Expedited memory reclaim from killed processes

Posted Apr 13, 2019 2:05 UTC (Sat) by quotemstr (subscriber, #45331)
In reply to: Expedited memory reclaim from killed processes by wahern
Parent article: Expedited memory reclaim from killed processes

Believe me, I'm no fan of overcommit --- but in this specific instance, it's amazingly not overcommit's fault. The same delay in memory reclaim can occur in a strict commit system! It's about the timing of page reclaim, not about (which is the point of overcommit) how many pages get allocated in the first place and from what sources.

to post comments

Expedited memory reclaim from killed processes

Posted Apr 13, 2019 3:55 UTC (Sat) by wahern (subscriber, #37304) [Link]

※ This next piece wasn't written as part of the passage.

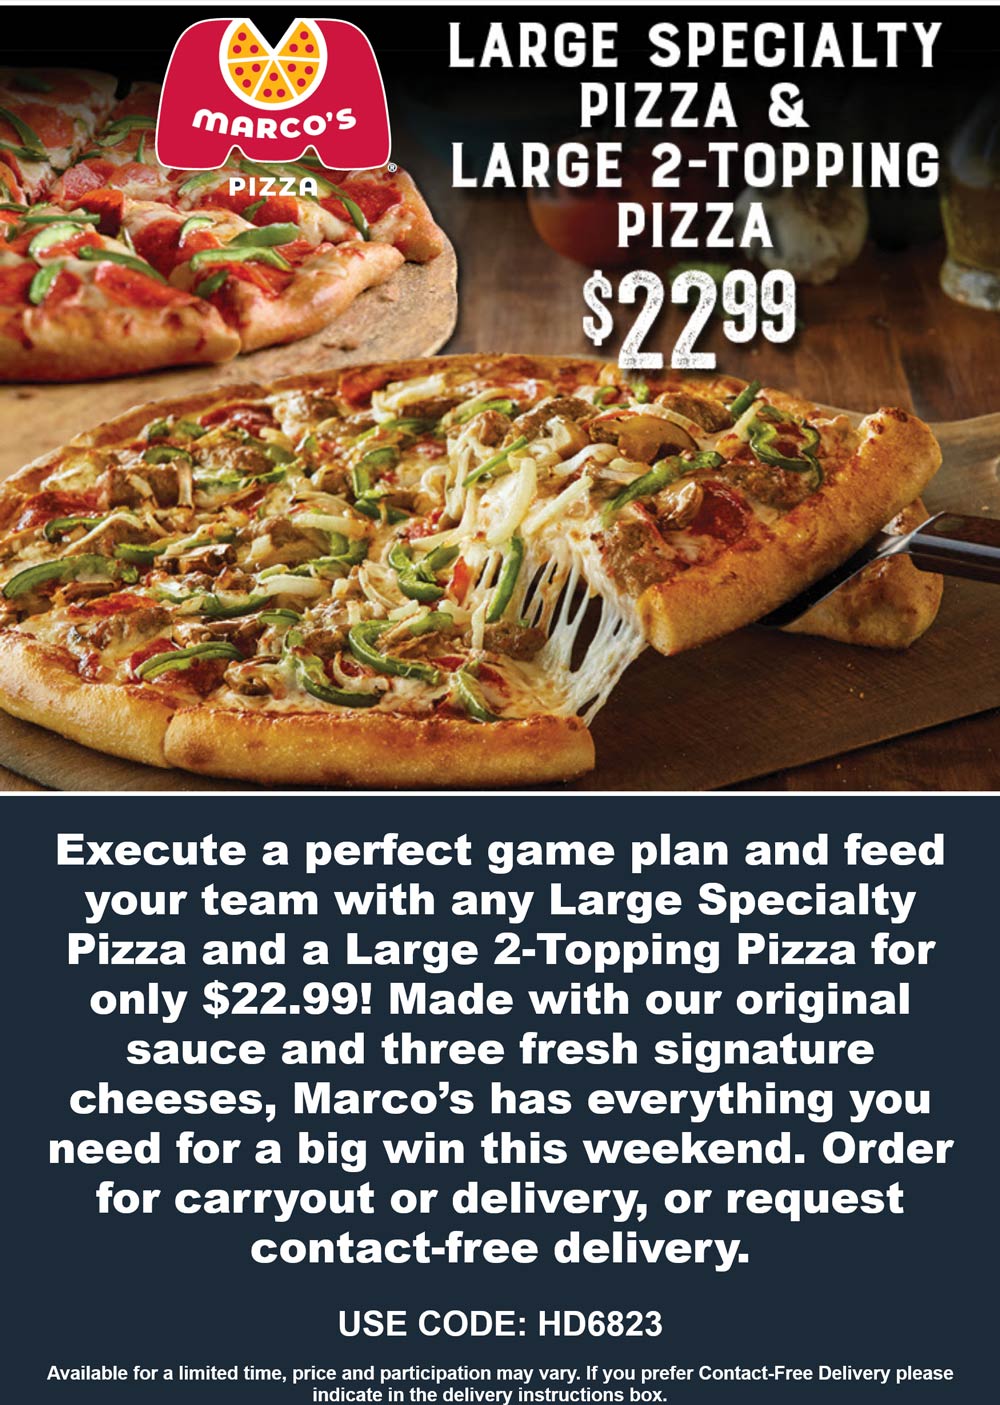 Marcos Pizza restaurants Coupon  Large specialty + large 2-topping pizzas = $23 today at Marcos Pizza via promo code HD6823 #marcospizza

I don't doubt the criticisms of the patch. But in my most recent foray digging into the OOM logic, my general sense is that some of these timing and priority issues are largely a consequence of the complexity added to forestall the OOM killer and minimize the harm. For example, right now I'm helping to deal with the OOM killer being invoked in situations where there's plenty of uncommitted memory, but because of heavy concurrent dirtying the reclaim code attempting/waiting on page flush gives up too soon. Without overcommit there would be no reason to give up--"gives up to too soon" is a characterization only meaningful in a best effort, no guarantee environment.

Overcommit seems to have resulted in kernel code that emphasizes mitigations rather than on providing consistent, predictable, and tunable behavior. There is no correct or even best heuristic for mitigating OOM. It's a constantly moving target. Any interface to those heuristic mechanisms and policies that look best today will look horrible tomorrow.

One may want to opt into overcommit and wrestle with such lose-lose scenarios, but designing *that* interface (opt-in) is much easier because you're already in a position of being able to contain the system-wide fallout--architectural, performance, code maintenance, etc. Likewise, one may want the ability to cancel ("give up") some operation, but an interface describing when to cancel (a finite set of criteria) is much easier to devise and use than one describing when not to cancel (a possibly infinite set of criteria).

So, yeah, I don't doubt that one sh*t sandwich can be objectively preferable to another sh*t sandwich, but the spectacle of sh*t sandwich review is tragic.